United States District Court, D. Minnesota

May 14, 2018

Louis Gareis & Lillian Gareis, Plaintiffs
v.
3M Company & Arizant Healthcare, Inc., Defendants.

          ORDER

          JOAN N. ERICKSEN UNITED STATES DISTRICT JUDGE.

         The above-captioned case is a member case in the MDL in re Bair Hugger Forced Air Warming Devices Products Liability Litigation, 15-md-2666. It is scheduled to be the first member case tried. On May 4, 2018, the Court heard oral argument on the parties' Motions to exclude evidence. The Court decided some of those Motions on the record. The Court now decides the rest.

         I. Defendants' Motion [135] to exclude evidence about bacteria in the Bair Hugger system's filter or on its internal surfaces

         The Plaintiffs advance two theories of causation.
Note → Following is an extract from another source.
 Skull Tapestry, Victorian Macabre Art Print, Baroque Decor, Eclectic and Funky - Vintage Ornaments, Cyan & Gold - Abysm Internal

One is that the operation of the Bair Hugger disrupts operating room airflow and causes ambient bacteria to be deposited into the surgical site or onto the prosthetic joint. This theory will be tested at trial. A second theory of causation is that the Bair Hugger itself harbors bacteria, and that these bacteria escape the warming unit during surgery. Defendants have moved to exclude from the Gareis trial evidence pertaining only to this second theory. For the following reasons that motion is granted.
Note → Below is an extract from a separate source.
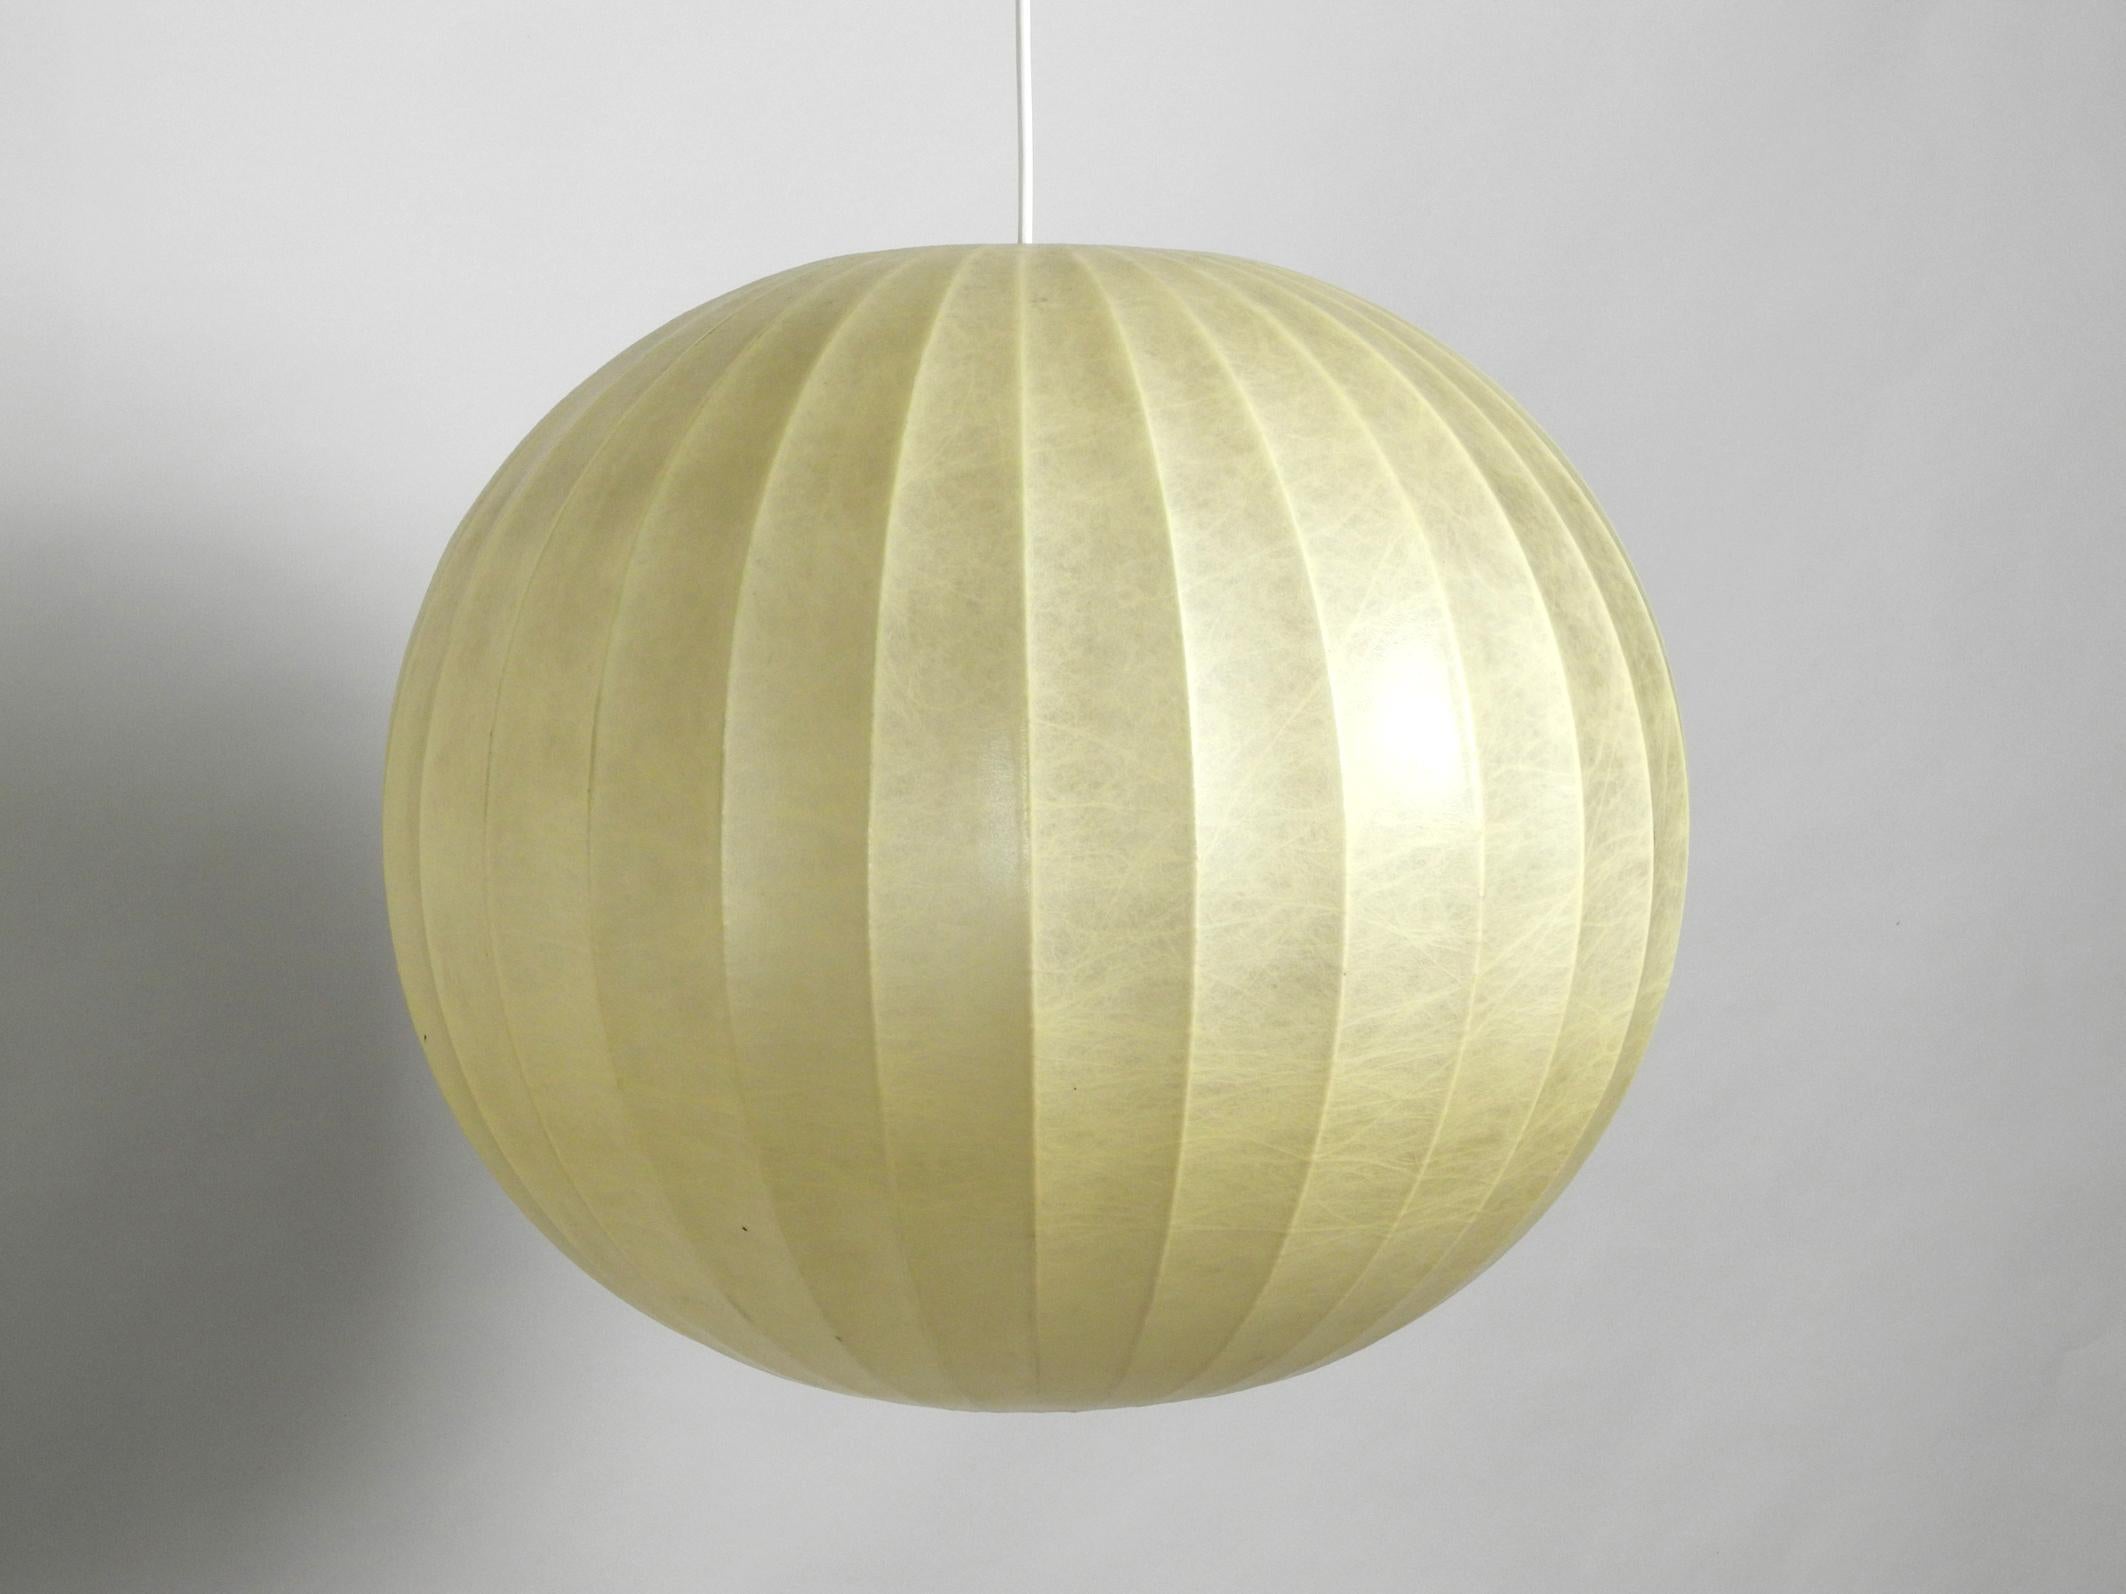 Mid-20th Century Extra Large Cocoon Big Ball Ceiling Lamp in Very Good Original Vintage Condition

         Mr. Gareis's infection was caused by Staphylococcus epidermidis, bacteria that are “common organisms found on the skin of humans, ” Jarvis Rpt. 4, Dkt. No. 253-1, humans including the patient and operating room personnel. See also Avidan et al., Convection warmers - not just hot air, 52 Anaesthesia 1073 (1997) (describing Staphylococcus epidermidis as “typical of skin flora”), cited in Jarvis Rpt. 9. Humans shed skin flakes, also known as squames. According even to Plaintiffs' expert Dr. Said Elghobashi, “for the five persons (four medical staff and the patient) in the [operating room] a realistic number would be about 105 million squames per hour.” Elghobashi Rpt. 12, Dkt. No. 106-5. So, this shedding would carry many colony-forming units of Staphylococcus epidermidis. Plaintiffs have no evidence that however many Staphylococcus epidermidis might be in the Bair Hugger, that that number would have a meaningful impact on the bacterial load of that pathogen in the operating room.
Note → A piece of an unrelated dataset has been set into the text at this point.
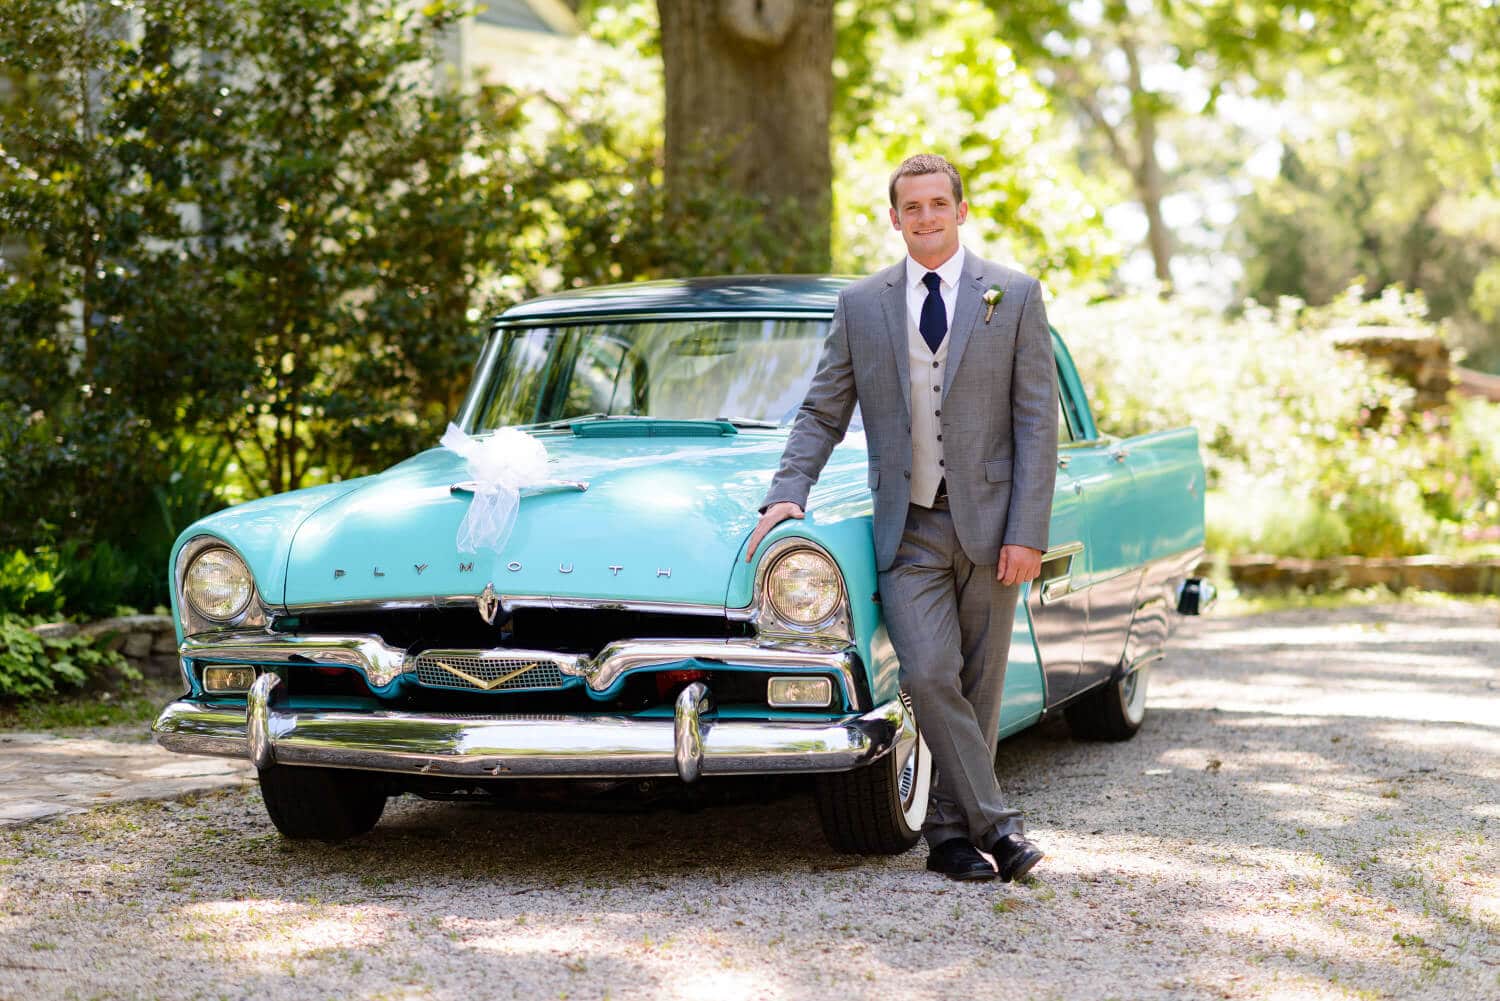 Groom by classic car, The Ivy Place

         The Bair Hugger, of course, does not sit passively during an operation. It blows air out of small holes in its blanket. The blanket is not placed directly onto or near the prosthetic joint, however, and so even if Staphylococcus epidermidis were to escape the blanket, it would not be deposited directly onto the prosthetic joint or into the surgical site. More importantly for purposes of disposing of the current motion, however, Plaintiffs have no evidence that anyone has caught colony-forming units of bacteria floating out of the blanket's perforations. There is empirical evidence that particles, especially small particles (less than 5 microns, Buck Rpt. 16, MDL Dkt. No. 315-2), can escape the perforations. But see Elghobashi Rpt. 2 (“The squame particle size ranges over 4-20 µm of equivalent diameter.” (citation omitted)), Dkt. No. 106-1. Plaintiffs maintain that particles stand in as a proxy for bacteria. See Gregory W. Stocks, et al., Predicting bacterial populations based on airborne particulates: a study performed in nonlaminar flow operating rooms during joint arthroplasty surgery, 38 Am. J. Infect. Control 199 (2010) (analyzing operating room air during surgery and finding correlation between 10-µm particles and colony-forming units), cited in Jarvis Rpt. 15.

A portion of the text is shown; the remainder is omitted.